##### Data shown

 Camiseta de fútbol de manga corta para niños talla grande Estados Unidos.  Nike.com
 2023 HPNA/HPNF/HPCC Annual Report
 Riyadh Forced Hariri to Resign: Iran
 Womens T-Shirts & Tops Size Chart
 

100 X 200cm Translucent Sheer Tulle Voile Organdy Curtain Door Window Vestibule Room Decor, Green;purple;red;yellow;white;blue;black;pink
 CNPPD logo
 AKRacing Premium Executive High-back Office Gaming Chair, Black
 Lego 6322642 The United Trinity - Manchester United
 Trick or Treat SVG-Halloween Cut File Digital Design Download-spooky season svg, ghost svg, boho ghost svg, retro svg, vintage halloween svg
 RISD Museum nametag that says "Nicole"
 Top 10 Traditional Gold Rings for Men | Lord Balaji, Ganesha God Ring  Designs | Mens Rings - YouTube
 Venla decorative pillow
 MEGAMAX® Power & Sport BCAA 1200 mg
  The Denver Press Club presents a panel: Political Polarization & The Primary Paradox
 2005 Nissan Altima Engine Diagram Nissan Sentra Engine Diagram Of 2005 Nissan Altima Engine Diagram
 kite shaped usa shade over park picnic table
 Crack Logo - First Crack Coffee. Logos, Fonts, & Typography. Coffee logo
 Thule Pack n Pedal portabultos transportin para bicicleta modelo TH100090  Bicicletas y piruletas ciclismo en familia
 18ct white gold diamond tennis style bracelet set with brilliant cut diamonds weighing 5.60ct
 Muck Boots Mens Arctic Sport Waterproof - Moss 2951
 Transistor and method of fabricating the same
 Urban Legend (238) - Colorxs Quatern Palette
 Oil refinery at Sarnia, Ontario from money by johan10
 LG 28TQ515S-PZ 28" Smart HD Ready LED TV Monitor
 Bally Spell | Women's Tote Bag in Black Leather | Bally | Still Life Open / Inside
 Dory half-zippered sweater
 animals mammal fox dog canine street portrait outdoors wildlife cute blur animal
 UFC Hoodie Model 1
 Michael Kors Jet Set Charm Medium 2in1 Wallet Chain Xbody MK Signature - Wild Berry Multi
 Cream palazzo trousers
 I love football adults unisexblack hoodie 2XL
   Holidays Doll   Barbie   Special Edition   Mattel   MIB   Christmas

##########

Task goal: Everything from the first line of the records above to the line containing "UFC Hoodie Model 1", inclusive, should be repeated exactly; leave out the rest.

Answer for this exercise:
 Camiseta de fútbol de manga corta para niños talla grande Estados Unidos.  Nike.com
 2023 HPNA/HPNF/HPCC Annual Report
 Riyadh Forced Hariri to Resign: Iran
 Womens T-Shirts & Tops Size Chart
 

100 X 200cm Translucent Sheer Tulle Voile Organdy Curtain Door Window Vestibule Room Decor, Green;purple;red;yellow;white;blue;black;pink
 CNPPD logo
 AKRacing Premium Executive High-back Office Gaming Chair, Black
 Lego 6322642 The United Trinity - Manchester United
 Trick or Treat SVG-Halloween Cut File Digital Design Download-spooky season svg, ghost svg, boho ghost svg, retro svg, vintage halloween svg
 RISD Museum nametag that says "Nicole"
 Top 10 Traditional Gold Rings for Men | Lord Balaji, Ganesha God Ring  Designs | Mens Rings - YouTube
 Venla decorative pillow
 MEGAMAX® Power & Sport BCAA 1200 mg
  The Denver Press Club presents a panel: Political Polarization & The Primary Paradox
 2005 Nissan Altima Engine Diagram Nissan Sentra Engine Diagram Of 2005 Nissan Altima Engine Diagram
 kite shaped usa shade over park picnic table
 Crack Logo - First Crack Coffee. Logos, Fonts, & Typography. Coffee logo
 Thule Pack n Pedal portabultos transportin para bicicleta modelo TH100090  Bicicletas y piruletas ciclismo en familia
 18ct white gold diamond tennis style bracelet set with brilliant cut diamonds weighing 5.60ct
 Muck Boots Mens Arctic Sport Waterproof - Moss 2951
 Transistor and method of fabricating the same
 Urban Legend (238) - Colorxs Quatern Palette
 Oil refinery at Sarnia, Ontario from money by johan10
 LG 28TQ515S-PZ 28" Smart HD Ready LED TV Monitor
 Bally Spell | Women's Tote Bag in Black Leather | Bally | Still Life Open / Inside
 Dory half-zippered sweater
 animals mammal fox dog canine street portrait outdoors wildlife cute blur animal
 UFC Hoodie Model 1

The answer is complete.